Briefly recording what you are thankful for every day is a protective factor in mental health. There is evidence that doing this leads to greater alertness, enthusiasm, determination, optimism and energy – alongside less depression and stress. Those who record their ‘blessings’ appear to be more helpful to others as well as more likely to achieve their own goals. Like many findings in positive psychology the research confirms and elaborates common sense.
- Focusing on what to put into a daily journal tunes us into the positive elements of the day – we are more likely to see what we are looking out for
- It maximises awareness of the little things that can make a difference
- Helps get things in perspective
- When negative things happen it makes us realise that most of the time they don’t!
- Not having something for a while makes you appreciate what you do have.
- It shifts your mindset
- And illustrates how different thinking patterns impact on feelings about yourself and the world around you
- It seems to have a chemical boost – like taking exercise promotes serotonin.

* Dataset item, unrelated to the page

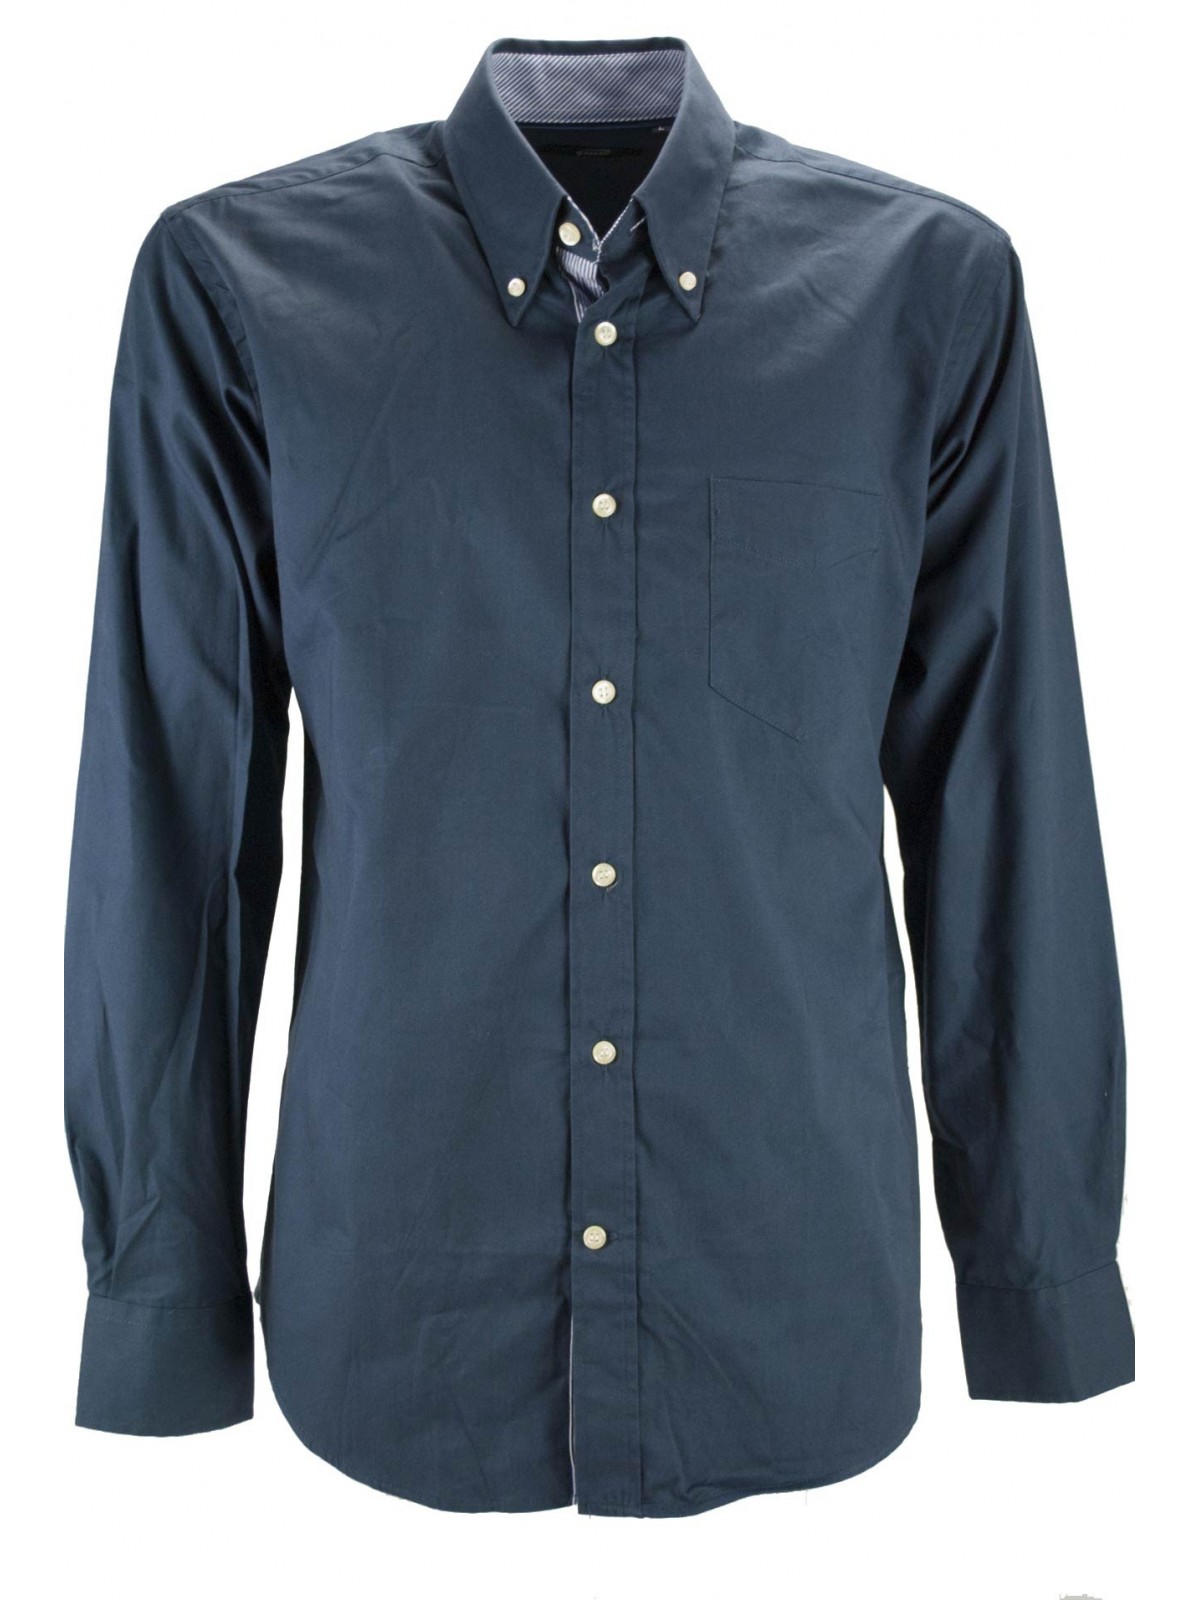 Dark Blue Twill Button Down Man Shirt Light Blue Striped Inside Collar - Grino

Neurological research now shows that thinking about things can have similar effects in our brain as actually doing them and that both impact on our neurotransmitters.
I decided this week to record my blessings for a while and also to share these with a friend. I just send an email every day with my three listed for the day before. This commitment means I am much more likely to do it and I have found myself just loving it! Even in just a short time my spirits have lifted and I seem to have more mental and physical energy.
Blessings come in a variety of guises. Firstly, there are the simply sensory ones:
Had lunch in a café and they made the perfect Welsh rarebit – every mouthful was a delight
Then there are the moments of connection:
Had a conversation with my hairdresser about her application for residency – it gave me a powerful insight into what this means for people
The moments of shared humanity:
Went up to see the firework display and several people made way to let the little children go in front. No-one was demanding their right to the front spot even though they got there first – kindness is uplifting.
Simple serendipity – things just going right:
We went to Sevenoaks and all the way there we just caught the bus, the tube and the train – no waiting anywhere. Very pleasing.
Aesthetic appreciation – when beauty touches your soul:
One piece of Aboriginal art was placed on the floor of the exhibition hall – I found it utterly beautiful and moving and could barely tear myself away.
The presence of those we love:
After having him seriously ill in hospital for two weeks, just sitting next to my husband on the sofa with a cup of tea watching the news gives me overwhelming moments of relief, joy and appreciation.
There are many more everyday blessings we often take for granted – being able to read (thank a teacher!), being able to put one foot in front of the other and walk, having the ability to see and to hear were for me some of the most powerful.
You hear people complaining all the time. And some of them have a right to – this exercise is not an alternative to fighting for social justice. But getting lost in focusing on how awful things are does little to change things for the better. Recording your blessings is not about being smug or self-satisfied – it is about being appreciative of what we have and therefore raising awareness of what we might do so that others can also have more blessings in their lives – even if this is just the warmth of a smile, a conversation at the bus stop or a donation to a cause.